Friday, June 20, 2008

House of Representatives Hearing on HIT: an Action Alert from the Assoc. of American Physicians and Surgeons

Received this from the Association of American Physicians and Surgeons, a conservative group. I largely agree with their points (my comments in red italic):

Action Alert - House Hearing on HIT
6/20/2008

The Health Subcommittee of the House Committee on Energy and Commerce will be holding a hearing on Health Information Technology legislation next week. If your member of Congress is listed below, please contact his office by Tuesday morning of next week. Ask to speak to the health LA (legislative assistant). Tell him you are a doctor and explain briefly why the federal government should not be promoting, mandating, or funding Health Information Technology. This needs to develop in the free market; the congressman should oppose all HIT legislation.

AAPS Talking Points:

1. It is an unconstitutional intrusion into private affairs. Congress has no constitutional authority to dictate how private medical records should be kept. The only nexus for the exercise of such power is the filing of a claim for federal payment. Thus, any records related to services for which no federal claim is made must be exempt.

[Not only do they have no authority, they have no expertise in the complexities of EMR, complexities the Health IT industry conceals as they rip off physicians and medical centers with overpriced, substandard crap. One should only read the lawsuit my university, Drexel, filed against its EMR supplier, Allscripts, for example. This document is public - ed.]


2. The bill is really a form of corporate welfare. The cost of acquiring a compliant medical records system is an unfunded mandate on private practitioners, and hence an unlegislated and unconstitutional tax. The benefits primarily accrue to the private partner [e.g., payors - ed.] in the public-private partnership, not to the general welfare.

[That is what the latest evidence points to - ed.]


3. There is no evidence that the bill will work as intended. It is assumed that HIT will improve quality or reduce costs, but there is much evidence to suggest that the opposite will occur.

[see my website and my many posts on HCRENEWAL for substantiation of that - ed.]

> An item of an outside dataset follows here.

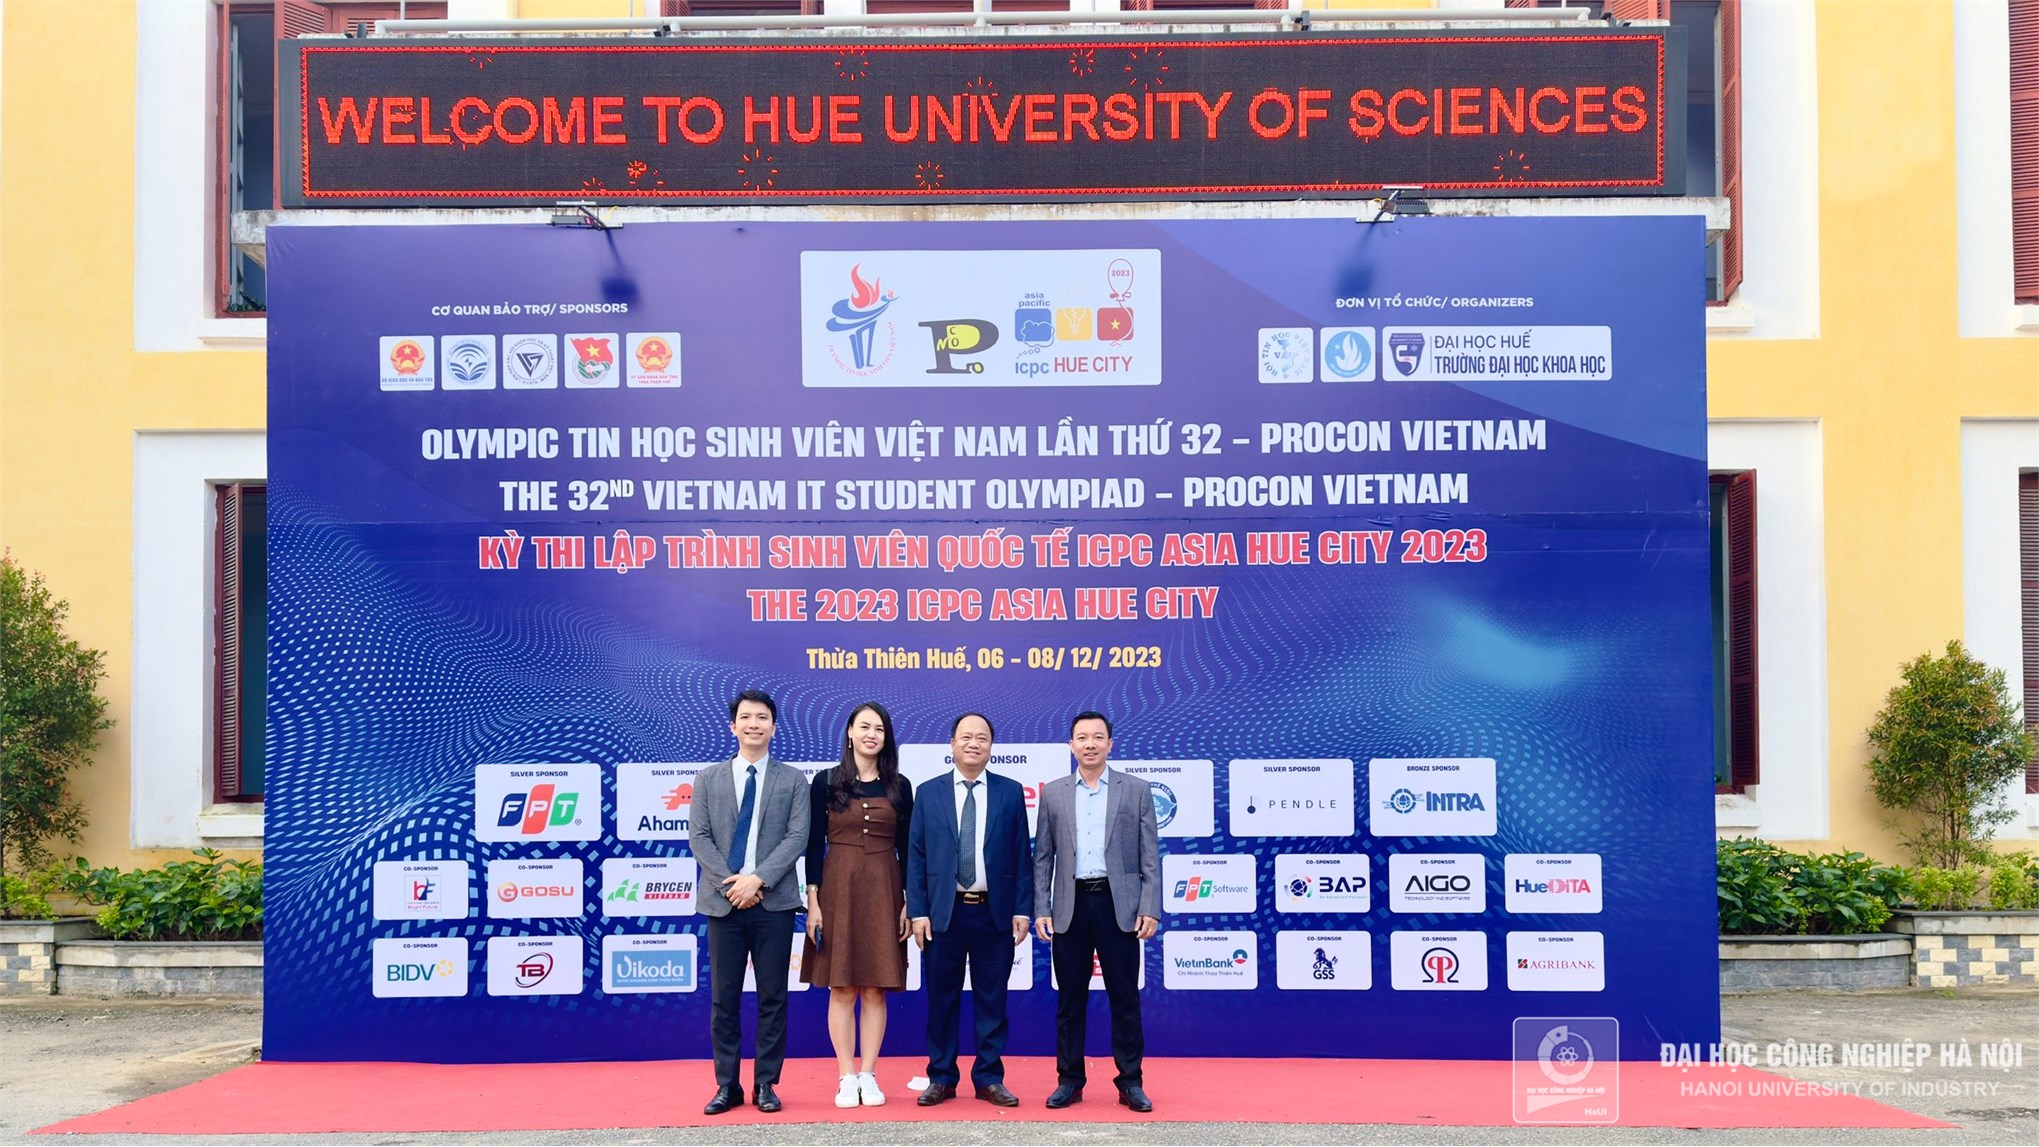 HaUI ghi dấu ấn tại Olympic Tin học Sinh viên Việt Nam lần thứ 32, Procon và Kỳ thi lập trình sinh viên quốc tế ICPC Asia

4. Mandating HIT amounts to regulating the practice of medicine. “Quality monitoring” of practitioners effectively dictates how medicine must be practiced to obtain a government-approval rating. Congress has neither the expertise nor the constitutional authority to direct the practice of medicine. It cannot delegate to government agencies or private organizations authority that it does not have.

[indeed, although businesspeople, IT personnel, and others don't have the expertise, either, but that doesn't seem to stop them from trying - ed.]


5. HIT is vulnerable to terrorism and disaster. Congress should make no law regarding the use of computerized medical records that does not require that all such records systems are EMP-hardened and have adequate backup electrical generating facilities (and stored fuel for same) to keep the system up (including air conditioning) for 60-90 days in the event of disruption of the electrical grid. Has there even been a study of the effect of a prolonged blackout on a hospital that is solely dependent on electronic records?

[yes - one I'm aware of - a few days - and it wasn't pretty - "
Computer Crash — Lessons from a System Failure", NEJM, Volume 348:881-882, March 6, 2003. The Bay Pines, Florida VA Hospital's $450 million dollar CoreFLS debacle, while not an EMR system or blackout due to power failure per se, is another useful example, as chronic system issues disrupted the hospital's supply chain and prevented performance of surgery as a result - ed.]

-- SS

1 comment:

Anonymous said...

What of Hardcopy Reocrd vulnerabilities?

I note the valid points about the vulnerabilities of electronic based health records.

For a balanced discussion of the matter though, the counter point about the vulnerabilities of hard copy records must be raised. At least with electronic records, there is the scope for multiple backups off site from the affected area(s), something quite impractical for hard copy records. What of the potential for permanent loss of records secondary to fire/flooding etc. when you can't do such back ups?

It would be interesting to see the actuarial data with regards to the likelihood of such more mundane but equally important events compared to a prolonged power-outage or an EMP strike.